Au-delà des erreurs commises par un groupe qui menait sa croissance tambour battant, reste que le cas Zodiac est emblématique d’une profonde mutation de l’aéronautique impactant en premier lieu les activités industrielles de la cabine. L’aménagement intérieur des avions est devenu l’un des principaux enjeux dans la bataille acharnée que se livre les compagnies aériennes. A armes égales sur les avions, le prix du pétrole, les routes aériennes, elles voient la cabine comme l’élément le plus différenciant. C’est vrai notamment pour l’A350, en pleine montée en cadence de production.

Quadrature du cercle

Pour Zodiac et ses concurrents, c’est la quadrature du cercle.
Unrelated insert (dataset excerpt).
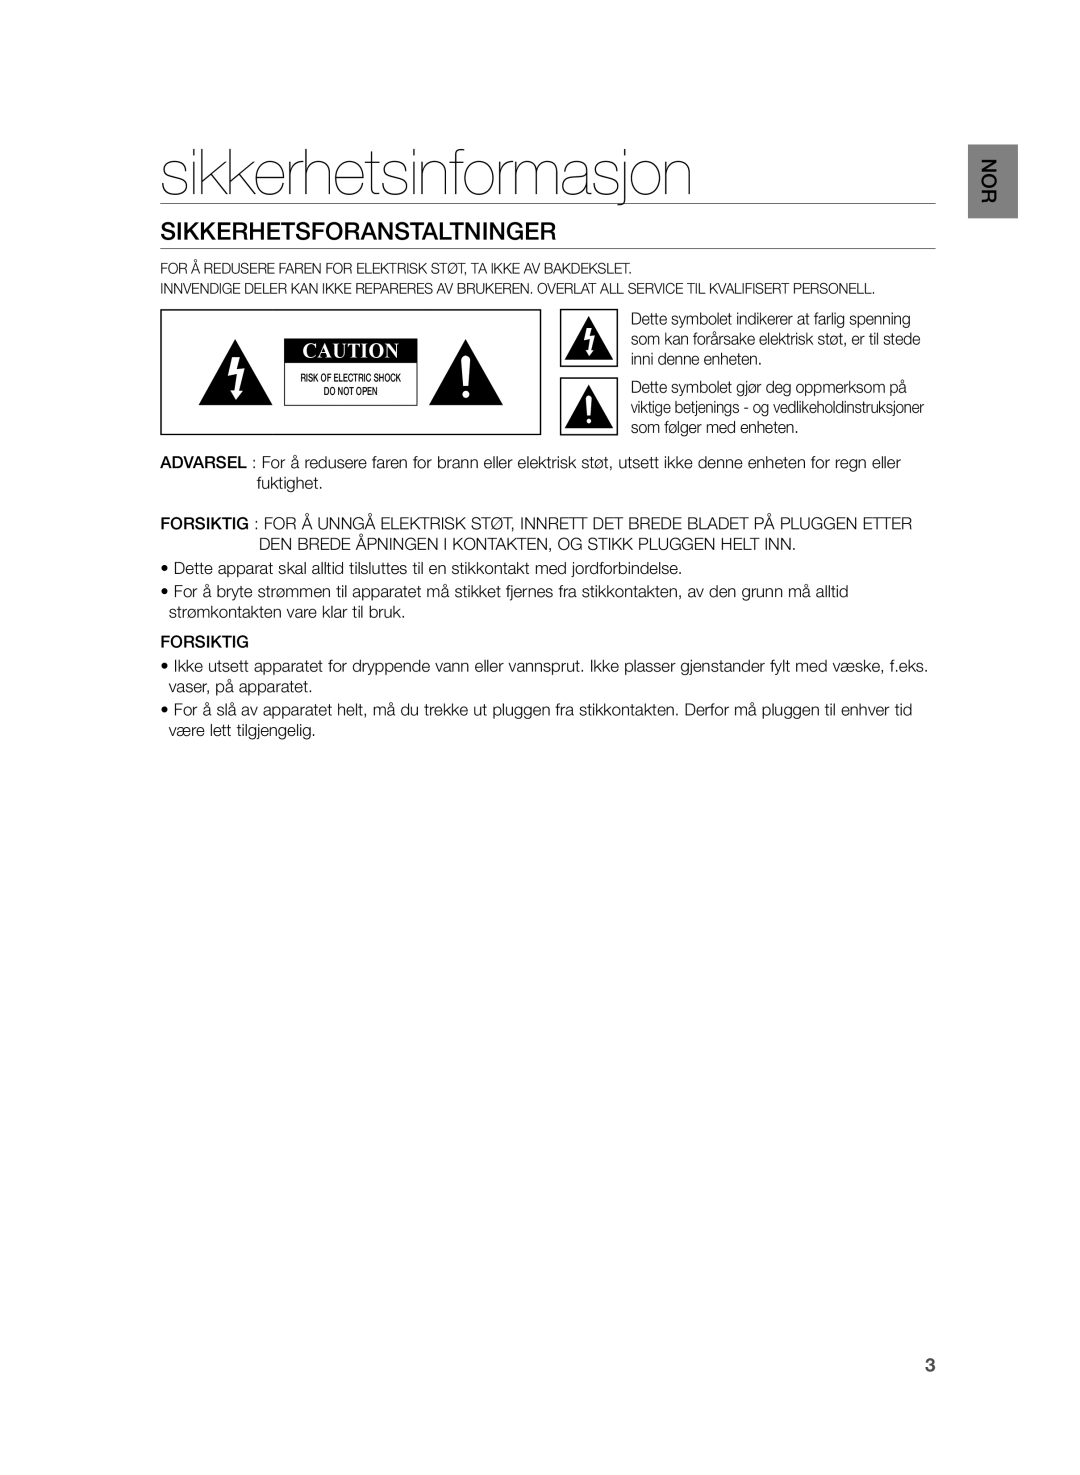 Samsung HW-H355/XE manual Sikkerhetsinformasjon, Sikkerhetsforanstaltninger, Forsiktig

L’équation à résoudre ? Suivre la hausse des cadences des nouveaux programmes, assurer les besoins de réaménagement des anciens appareils (tous les cinq ans pour les sièges), offrir des solutions différentes pour chaque compagnie, tout en assurant une densité maximale de sièges et en maintenant une perception de l’espace disponible pour le confort des passagers… Raison pour laquelle Zodiac s’est doté en 2012 d’un centre de design censé explorer de nouvelles solutions, dénommé ZEO, à Huntington Beach (Californie). Il sera lui aussi hébergé au sein de Skylab.
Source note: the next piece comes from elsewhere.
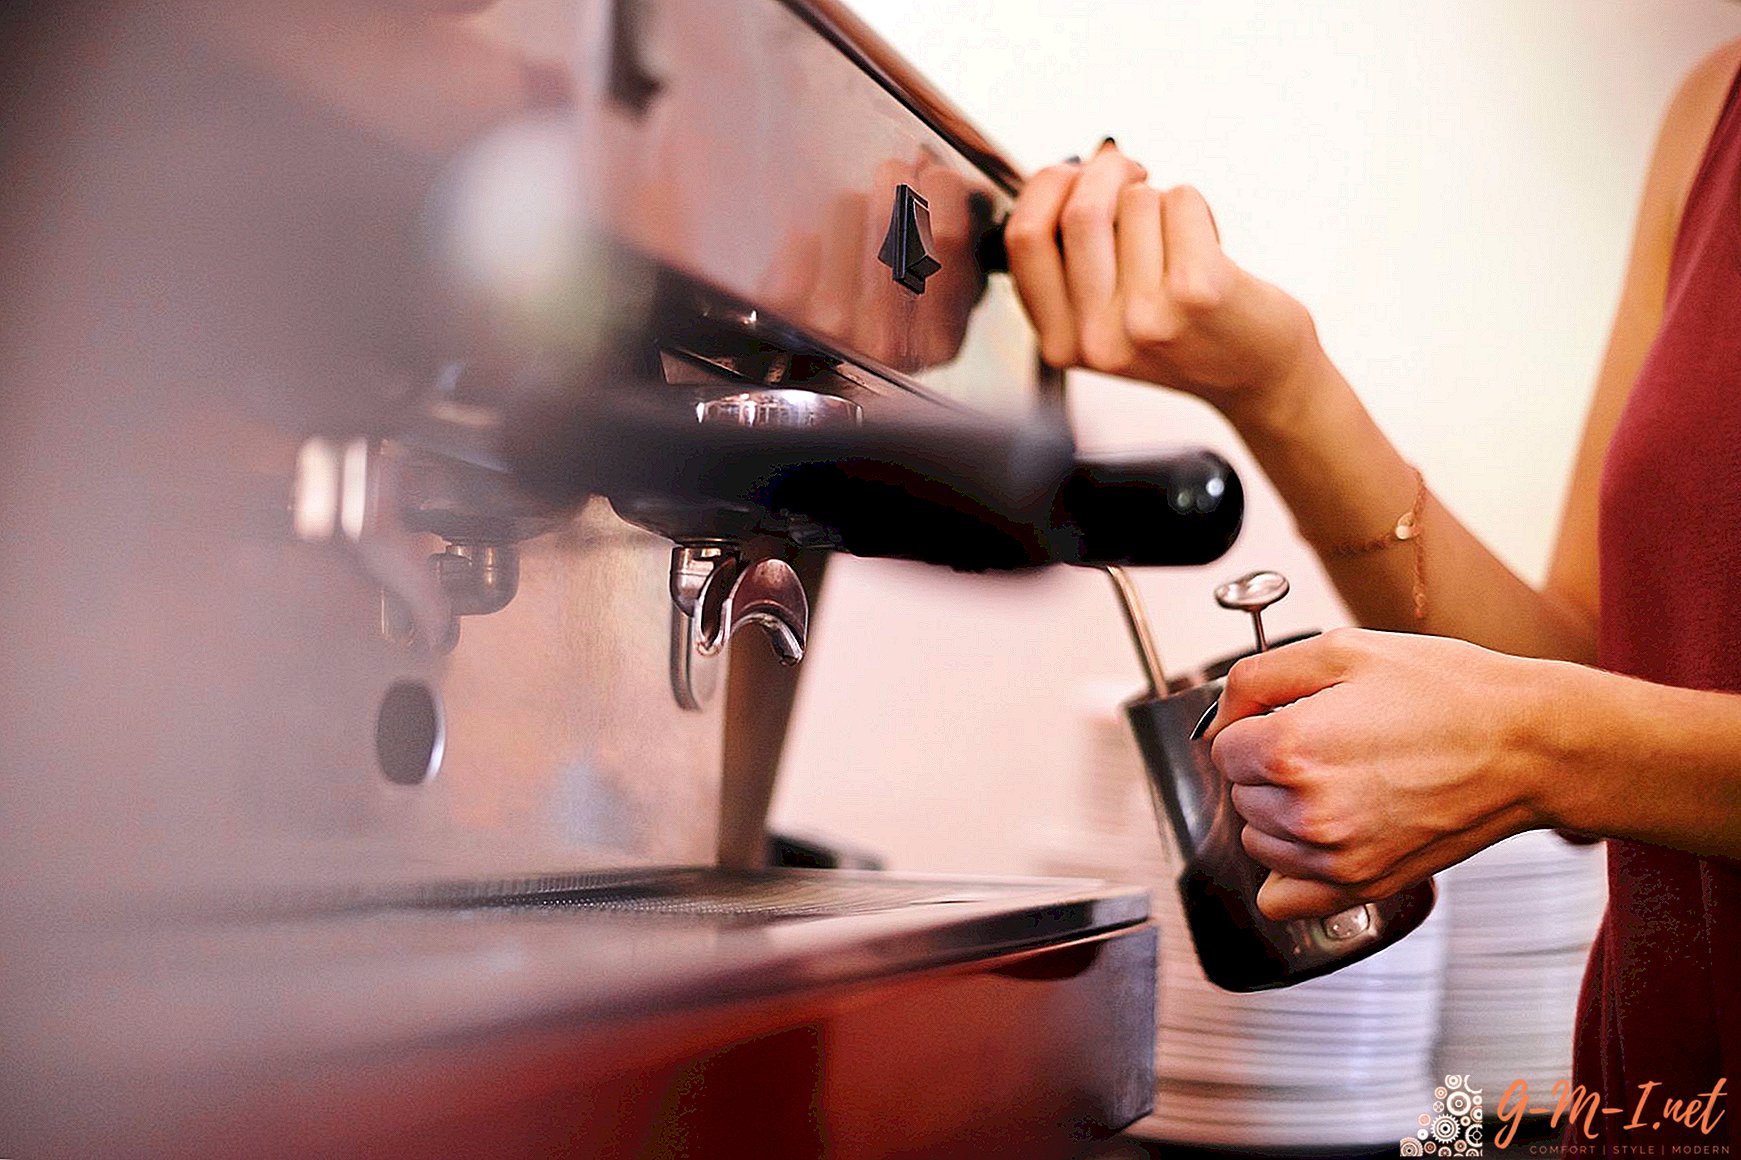 Comment fonctionne une machine à café

Ce centre de 50 personnes, capable en une journée de créer une pièce à partir d’un coup de crayon sur un papier. Un fablab, qui rappelle l’état d’esprit des entreprises du numériques, doté d’une véritable usine de production de prototypes. Il à l’origine du concept Spaceflex pour l’A320 : en améliorant l’intégration des galleys (cuisine) avec les toilettes, une compagnie peut espérer rajouter jusqu’à deux rangées de sièges supplémentaires. Une solution d’aménagement développée conjointement avec Airbus. Surtout, pour allier différenciation et besoin d’industrialisation, Zodiac mise gros sur le principe de modularité : chaque compagnie pourra être en mesure de définir l’agencement de ses propres éléments (toilettes, cuisines…) sur la base d’un catalogue commun. La mue industrielle de Zodiac ne fait que commencer.
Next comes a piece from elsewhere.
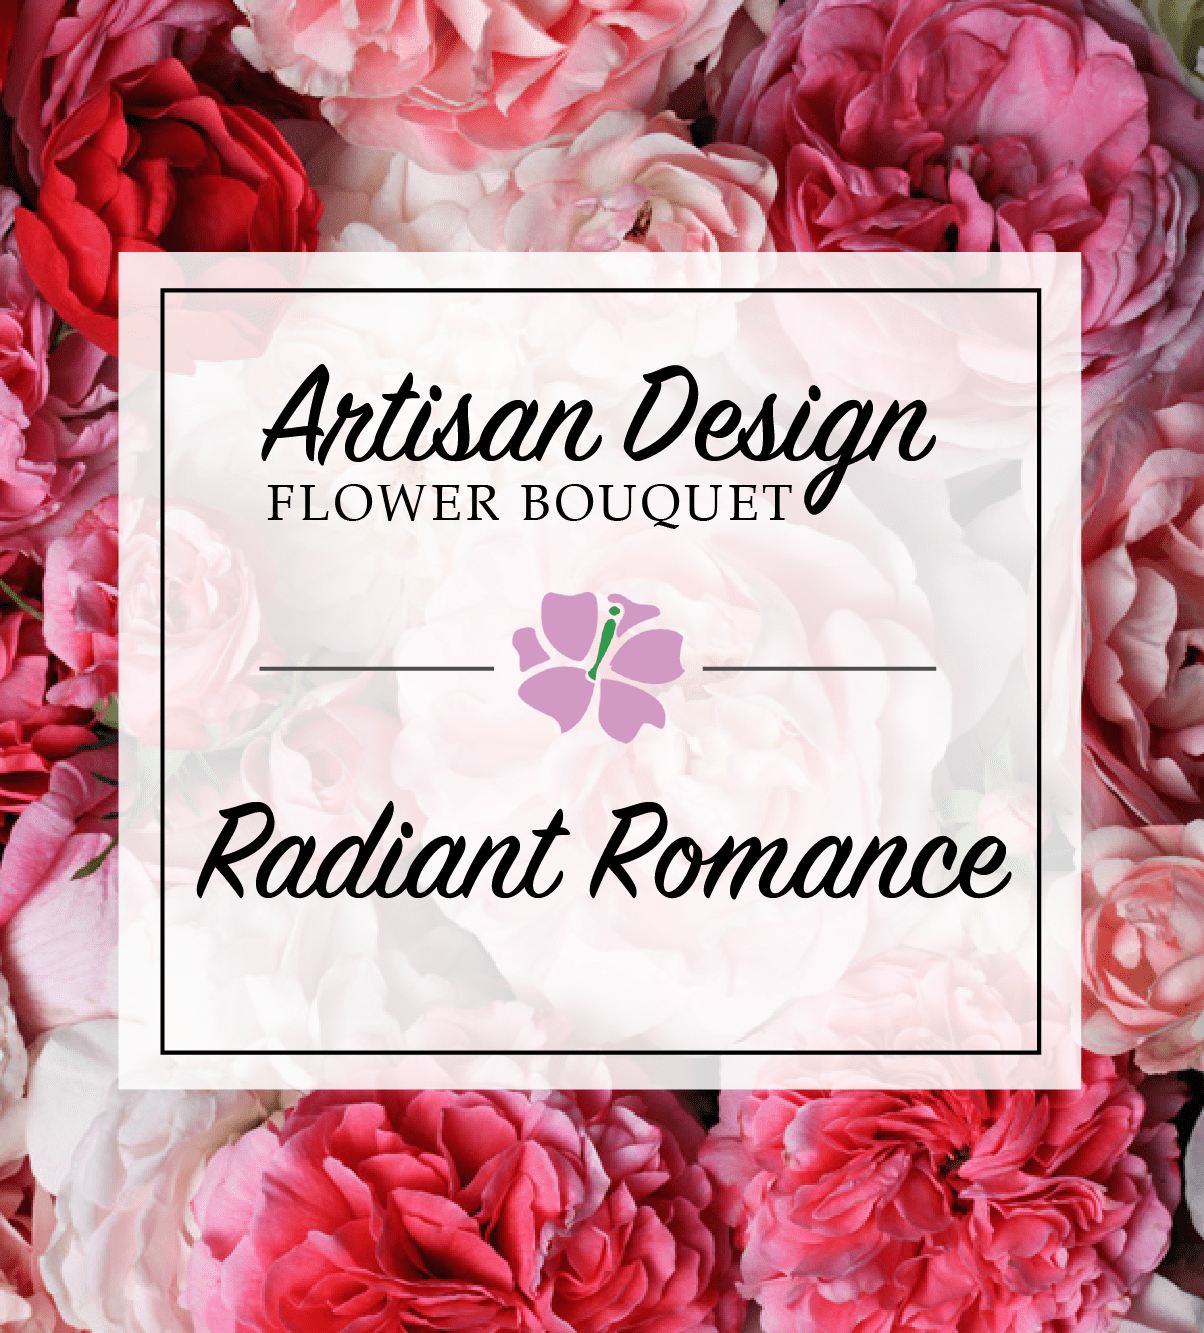 Artist's Design: Radiant Romance | Avas Flowers

A Huntington Beach (Californie), Olivier James

Au Mexique, l'équipementier étend son empreinte industrielle

Petit à petit, Zodiac fait son nid. Au Mexique, l’équipementier aéronautique a inauguré mardi 30 août une nouvelle extension de 5000 m² sur son site de Chihuahua, d’une superficie de 56000 m². Un investissement qui intervient alors que le groupe fête cette année ces dix ans dans ce pays, l’une des destinations les plus en vues pour la sous-traitance aéronautique. A l’instar de Safran présent au Mexique depuis vingt ans, Zodiac est venu chercher une main d’œuvre qualifiée à un coût compétitif. Depuis 2006, le groupe n’a eu de cesse de s’agrandir en s’appuyant – jusqu’en 2015 – sur les services de la société American Industries, spécialisée dans l’implantation des entreprises étrangères au Mexique. Les cinq bâtiments existants, où travaillent environ 3000 personnes (sur 35000 salariés pour le groupe) abritent des activités aussi diverses que la fabrication de toboggans, de conduites de protection de câblages ou bien encore de systèmes d’évacuation d’eaux usées. Au total, les investissements de Zodiac au Mexique s’élèvent à 80 millions de dollars. « Après cette période d’extension, nous allons entrer dans une phase dédiée avant tout à l’amélioration de nos process et à la réduction des coûts », précise Thierry Février, directeur du développement industriel chez Zodiac. Cette implantation restera stratégique, dans un pays qui a pour ambition de développer plus avant l’industrie aéronautique, en doublant le nombre d’emplois du secteur entre 2016 et 2020 pour atteindre 110 000 emplois, à comparer aux 185 000 emplois en France.